EXERCISE INPUT:

=== Section Start ===

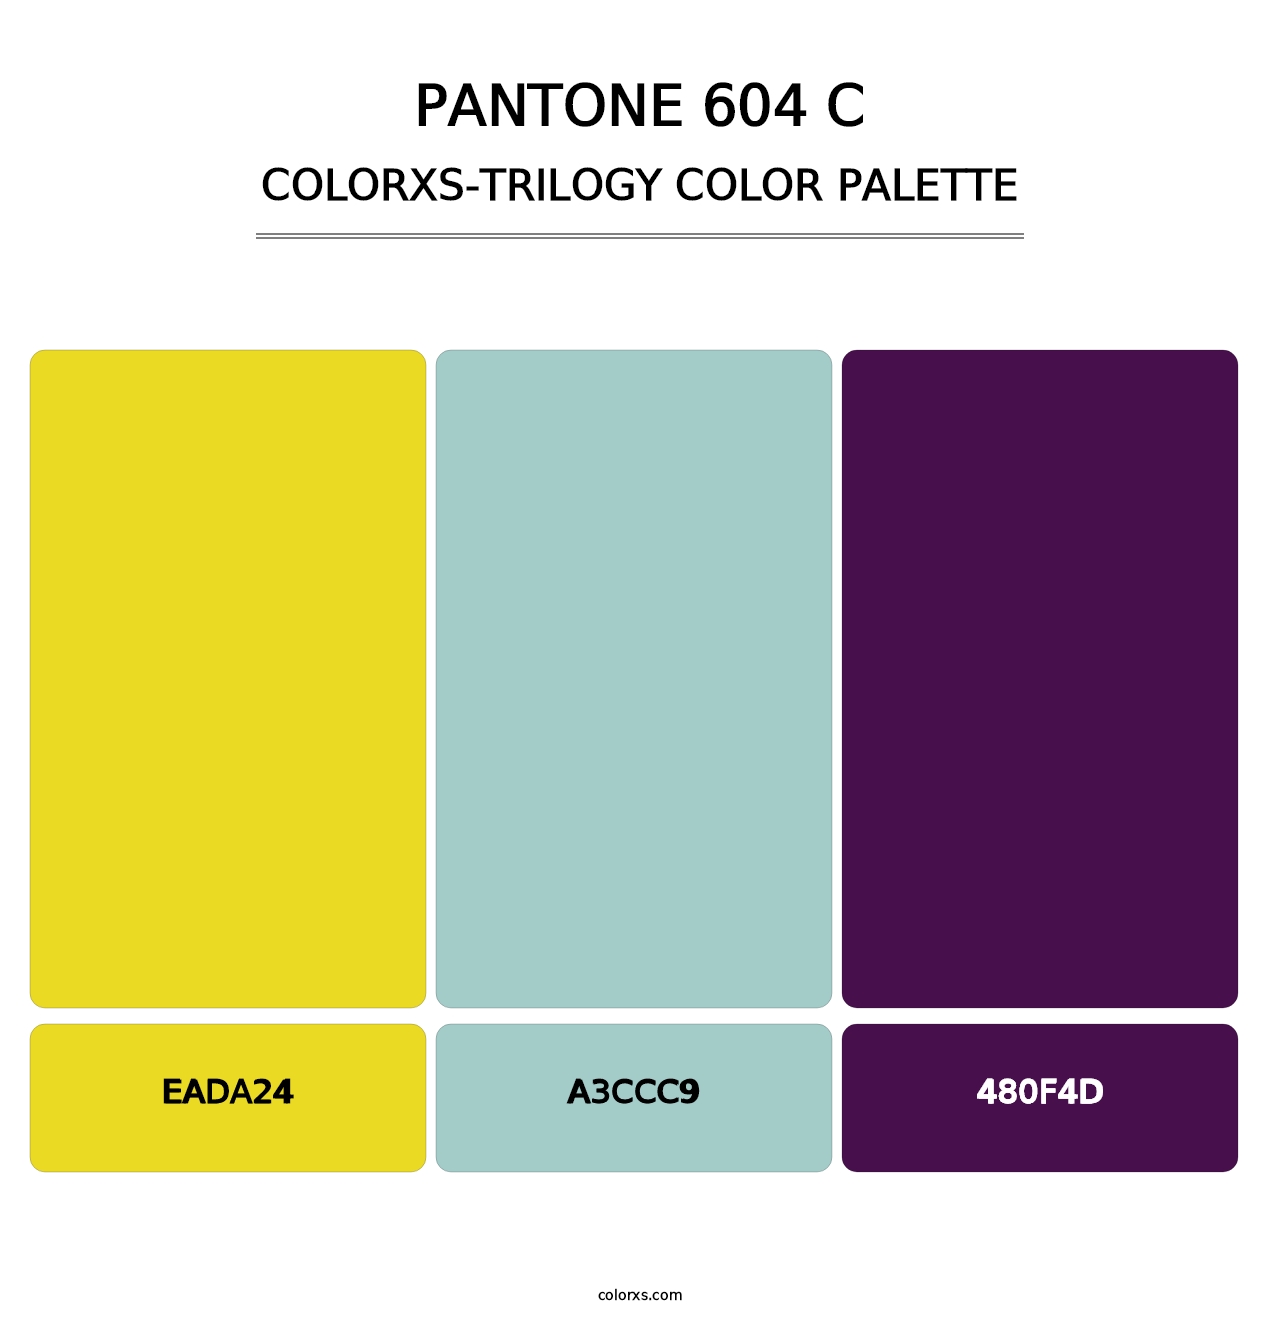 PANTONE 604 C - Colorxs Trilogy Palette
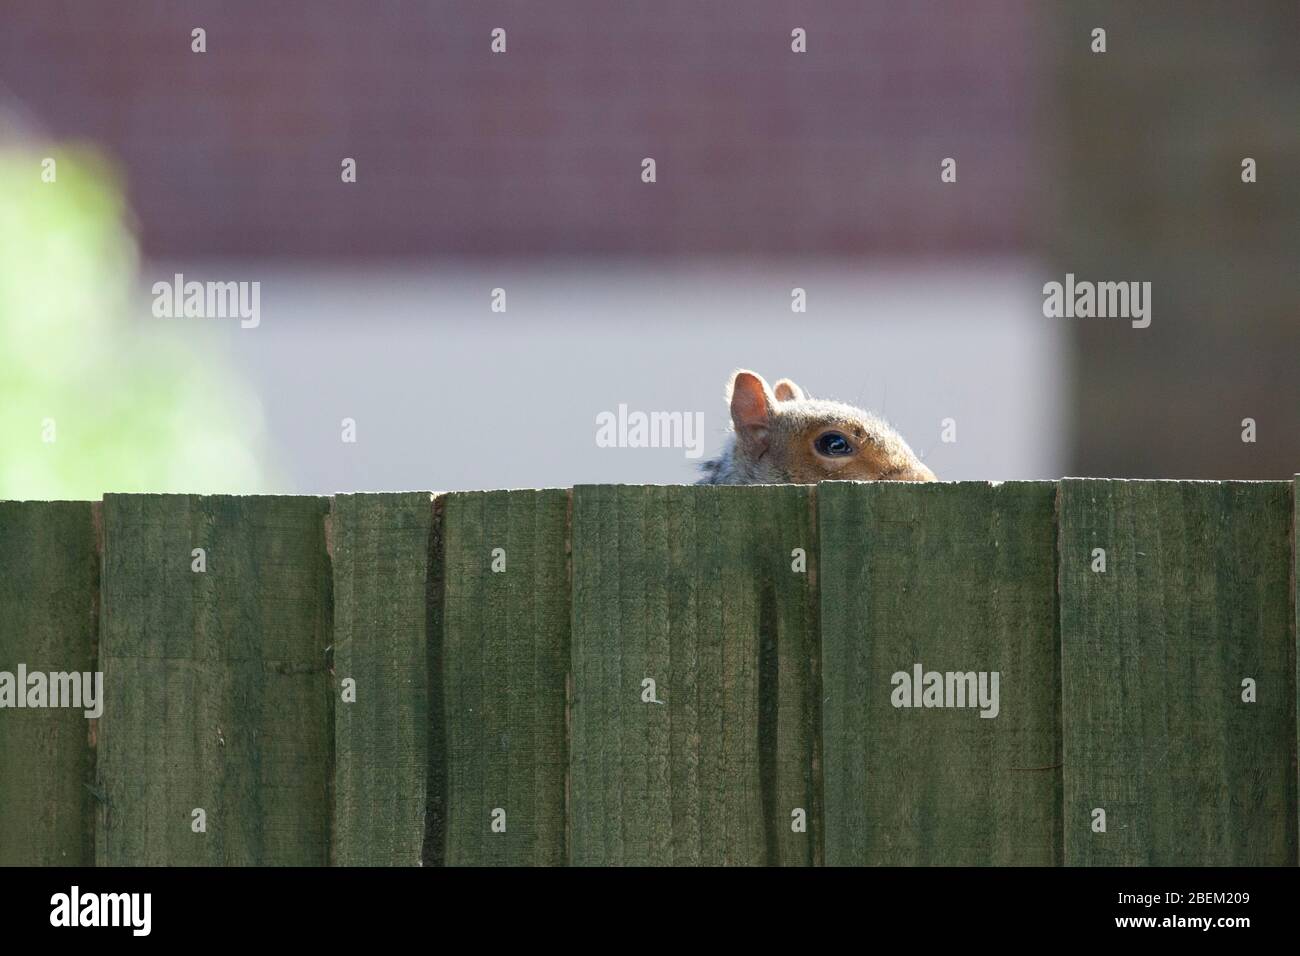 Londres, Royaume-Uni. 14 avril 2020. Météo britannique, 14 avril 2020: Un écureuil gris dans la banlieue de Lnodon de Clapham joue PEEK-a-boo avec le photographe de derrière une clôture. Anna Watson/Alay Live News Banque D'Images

=== Section End ===
=== Section Start ===

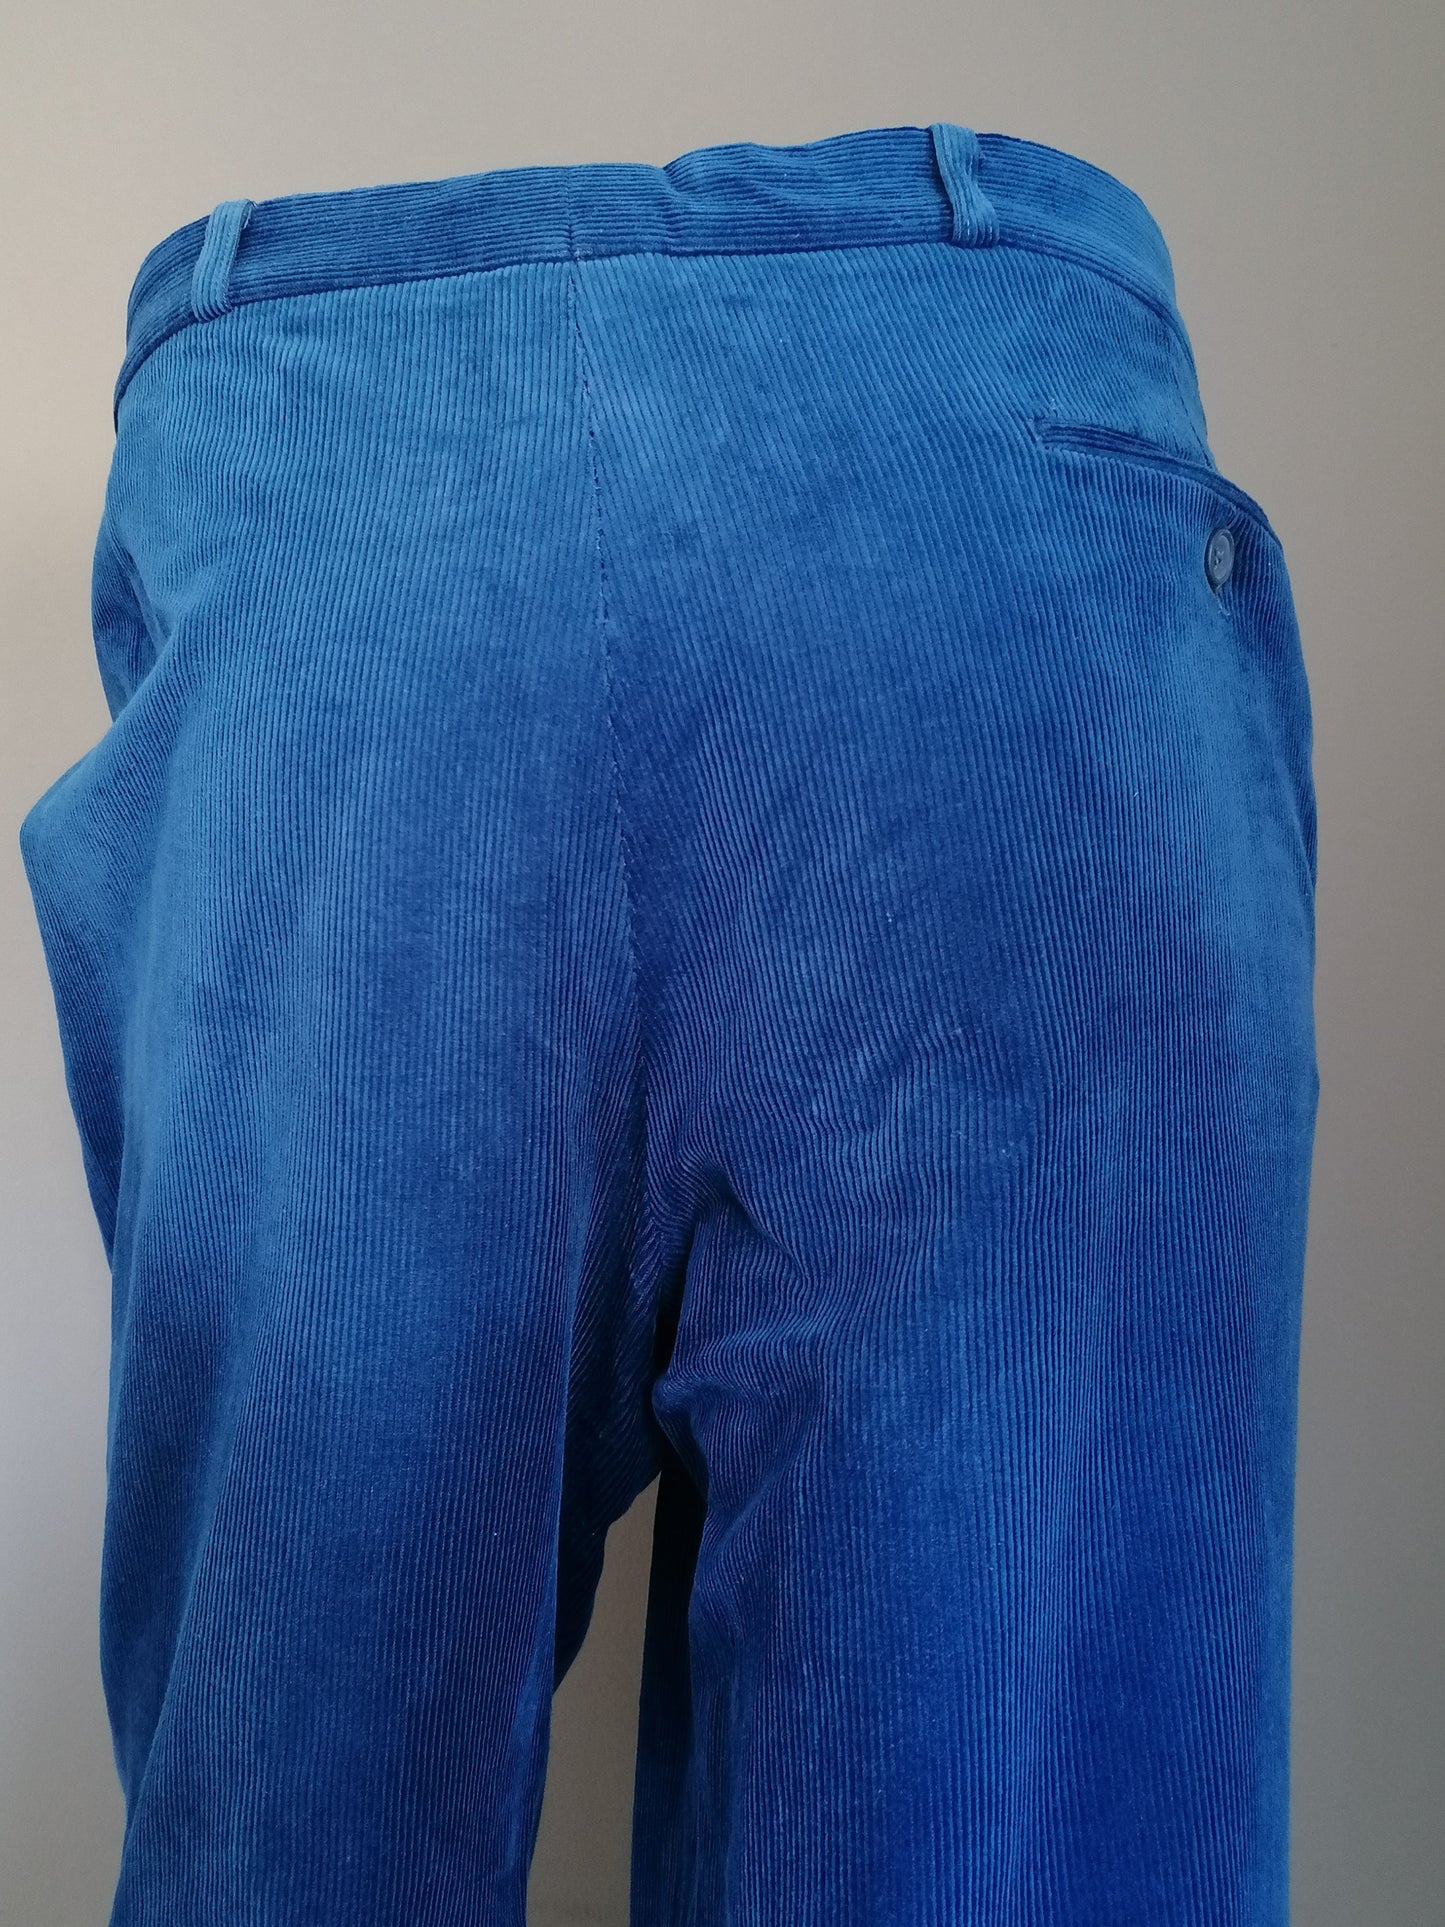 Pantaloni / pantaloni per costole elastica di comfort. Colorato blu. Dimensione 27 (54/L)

=== Section End ===
=== Section Start ===

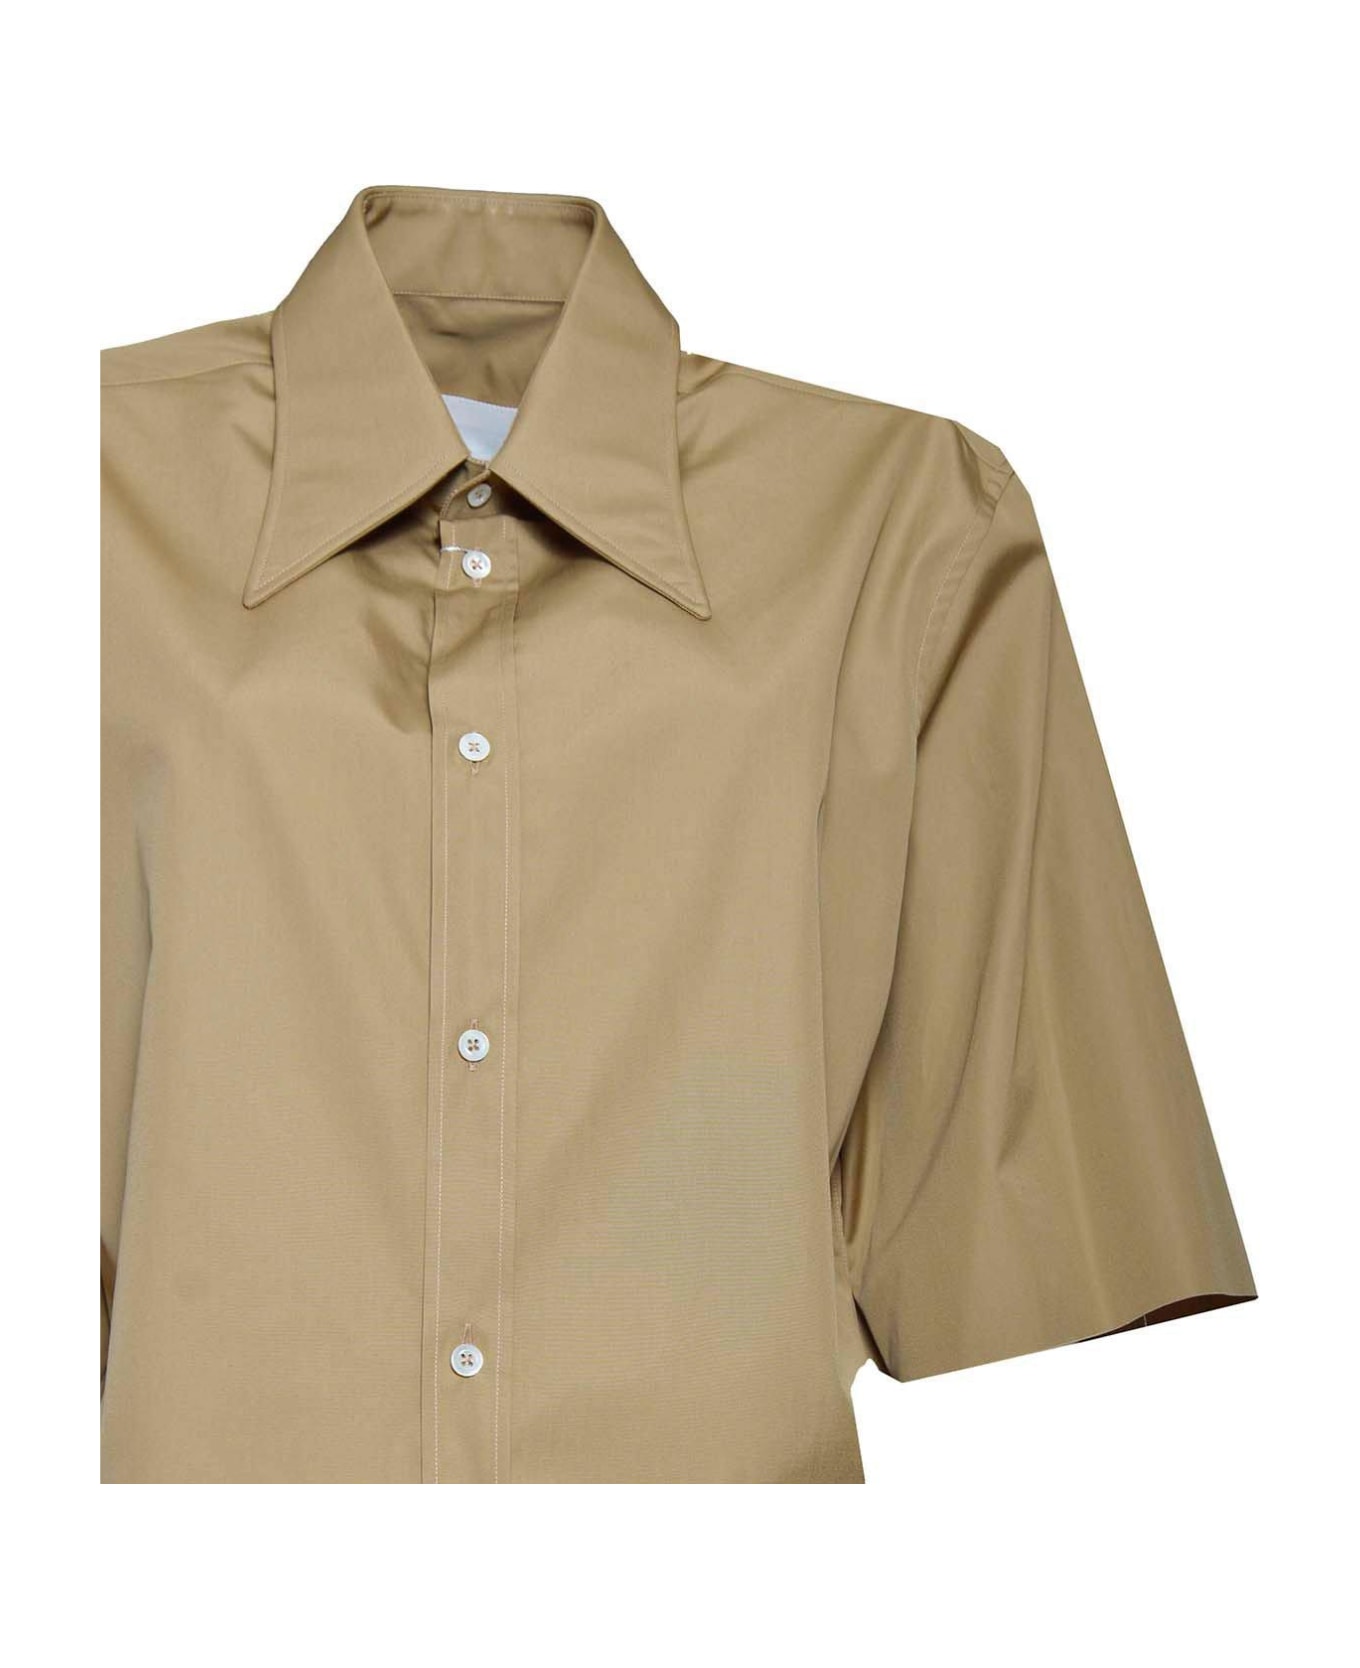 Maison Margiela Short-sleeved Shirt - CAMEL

=== Section End ===

TASK REQUIREMENTS: Your answer must be everything above from the line with "PANTONE 604 C - Colorxs Trilogy Palette" down to the line with "Londres, Royaume-Uni. 14", word for word, and no pictures.

ANSWER SECTION:
 PANTONE 604 C - Colorxs Trilogy Palette
 Londres, Royaume-Uni. 14 avril 2020. Météo britannique, 14 avril 2020: Un écureuil gris dans la banlieue de Lnodon de Clapham joue PEEK-a-boo avec le photographe de derrière une clôture. Anna Watson/Alay Live News Banque D'Images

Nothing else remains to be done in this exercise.